**TASK STATEMENT:** Find the line with "Tigre Bengala Clipart Download" in the entries below, then output every line from it down to the line with "Комплект свитеров с", exactly and with no pictures.

**INFORMATION SHOWN:**
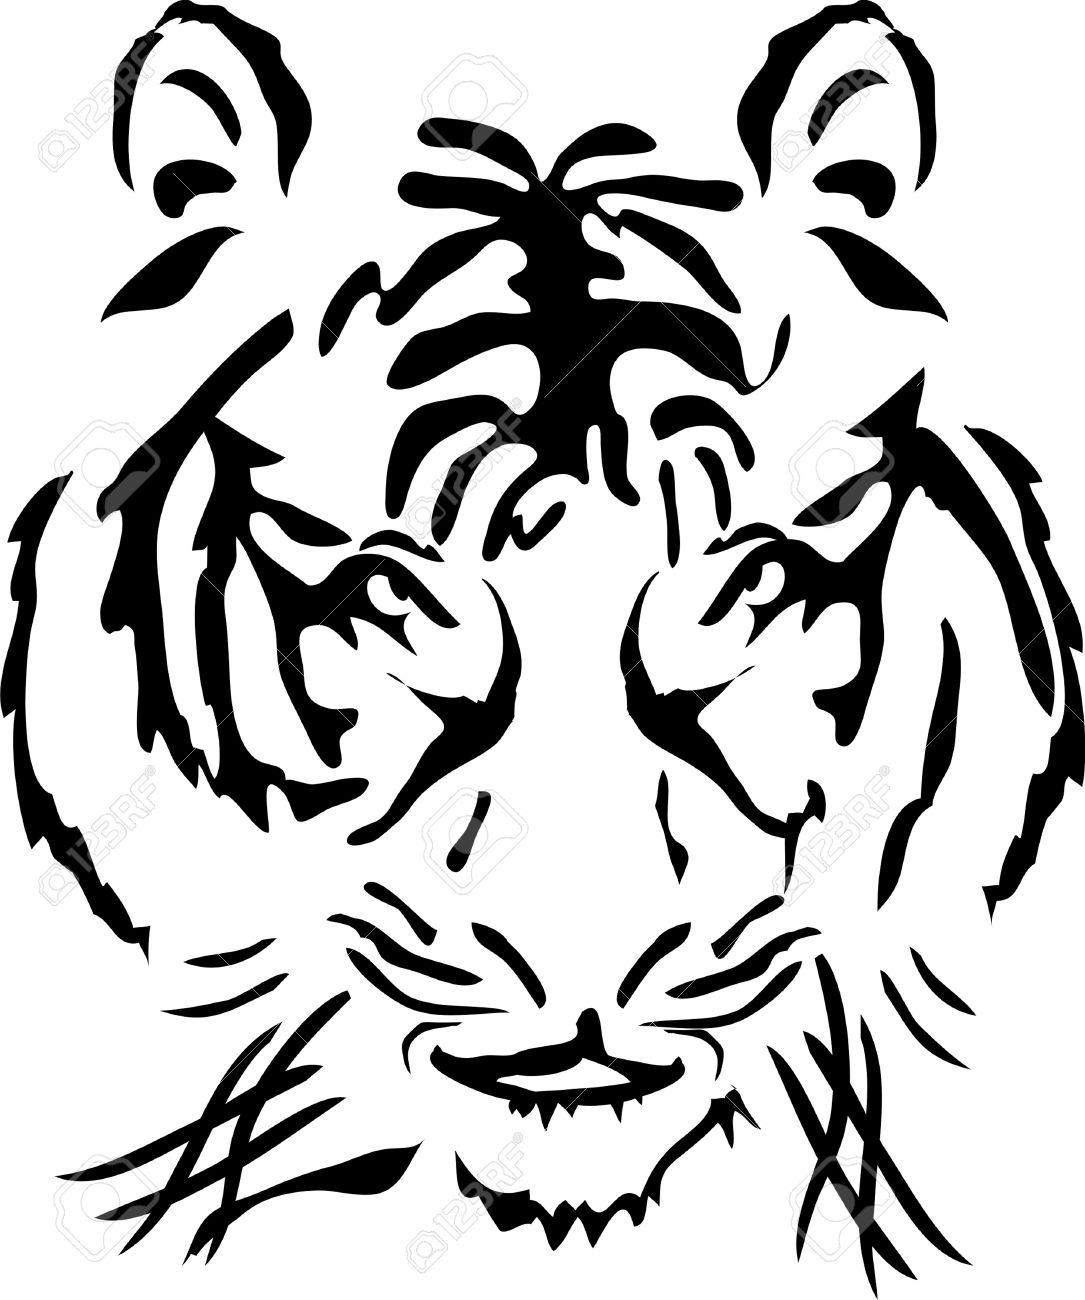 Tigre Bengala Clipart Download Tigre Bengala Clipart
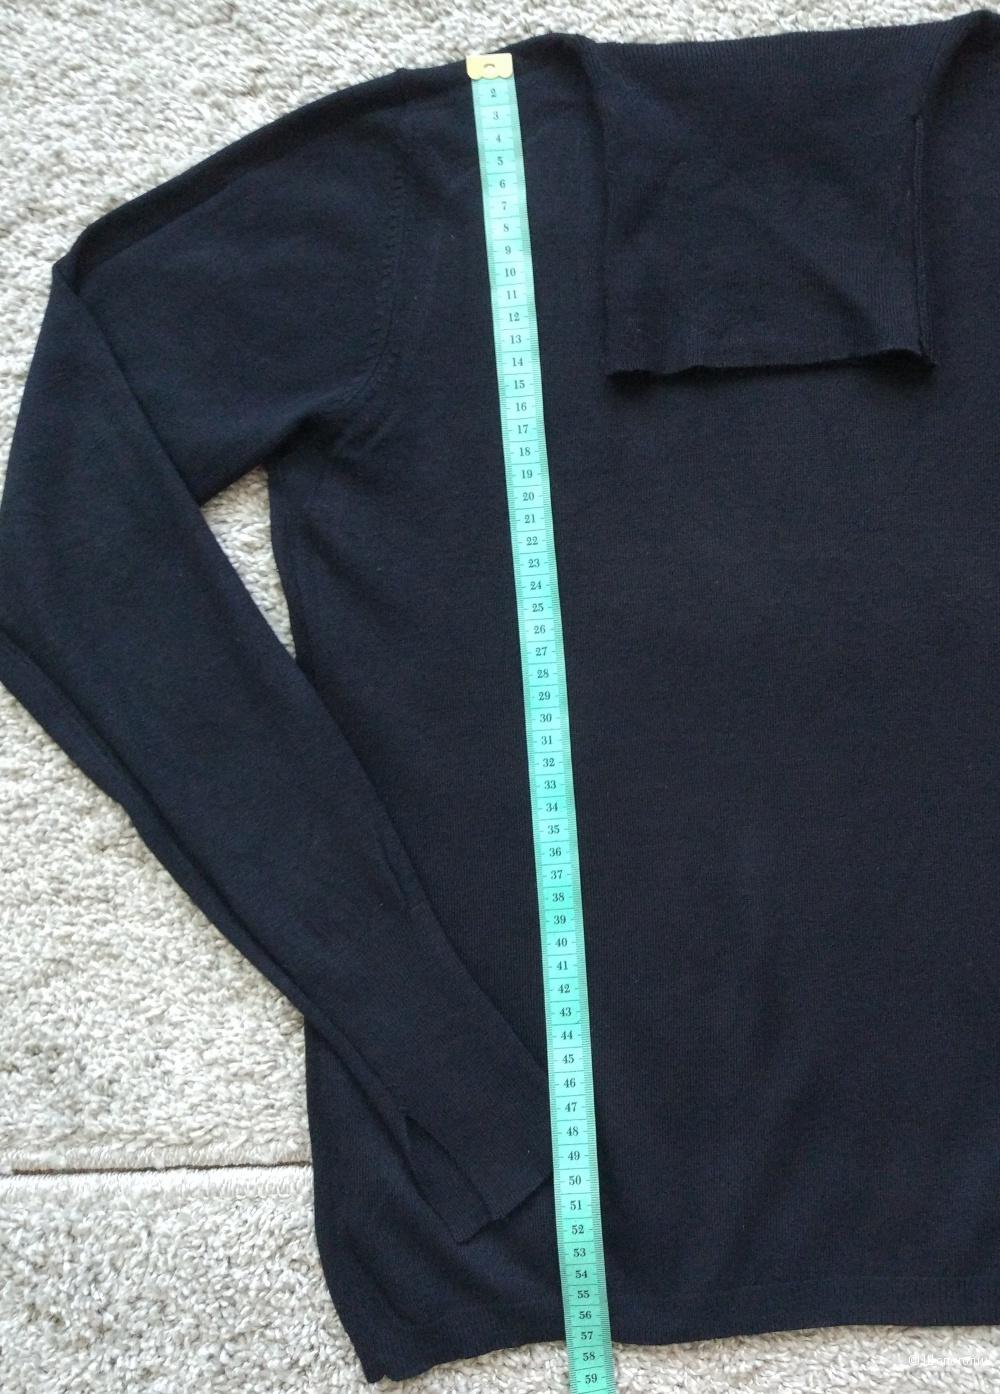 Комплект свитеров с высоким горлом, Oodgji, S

...

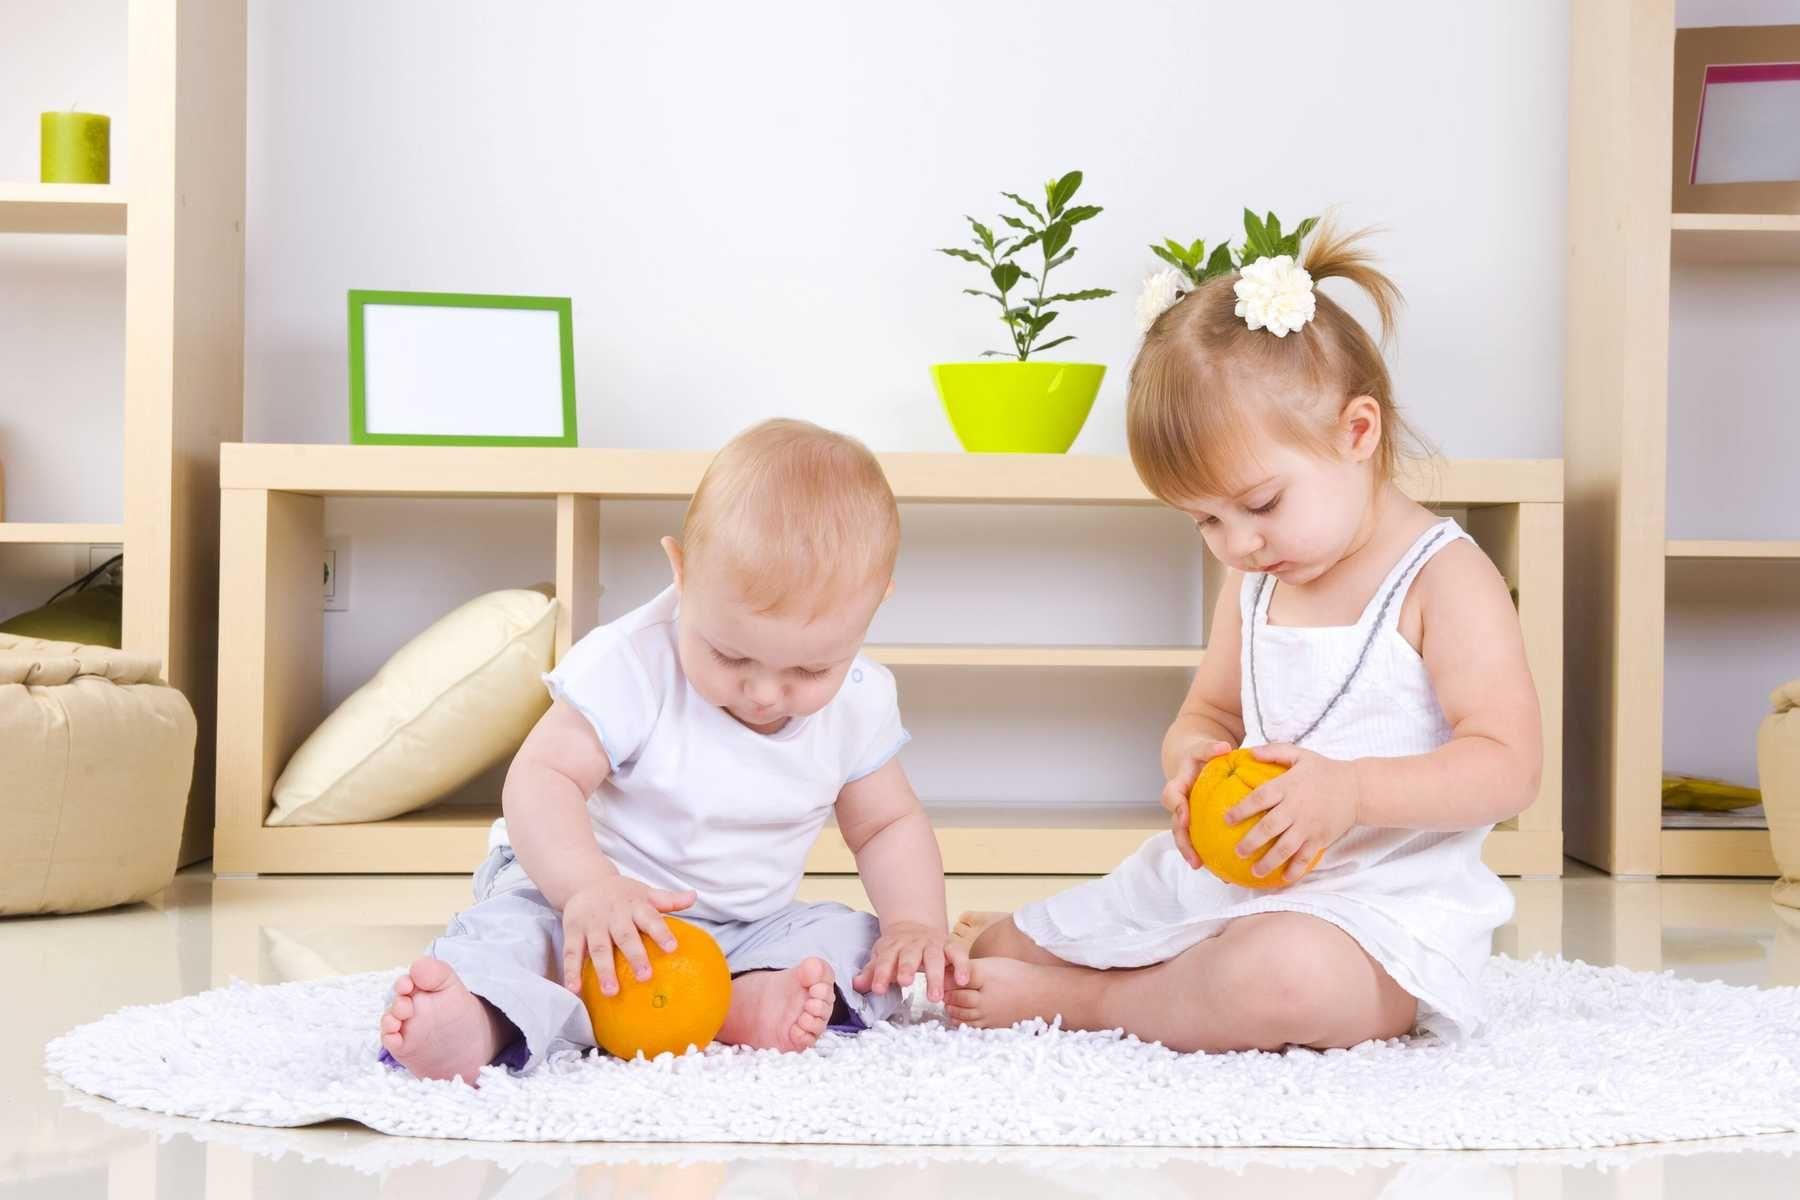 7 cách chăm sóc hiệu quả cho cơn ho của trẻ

**EXERCISE OUTPUT:**
 Tigre Bengala Clipart Download Tigre Bengala Clipart
 Комплект свитеров с высоким горлом, Oodgji, S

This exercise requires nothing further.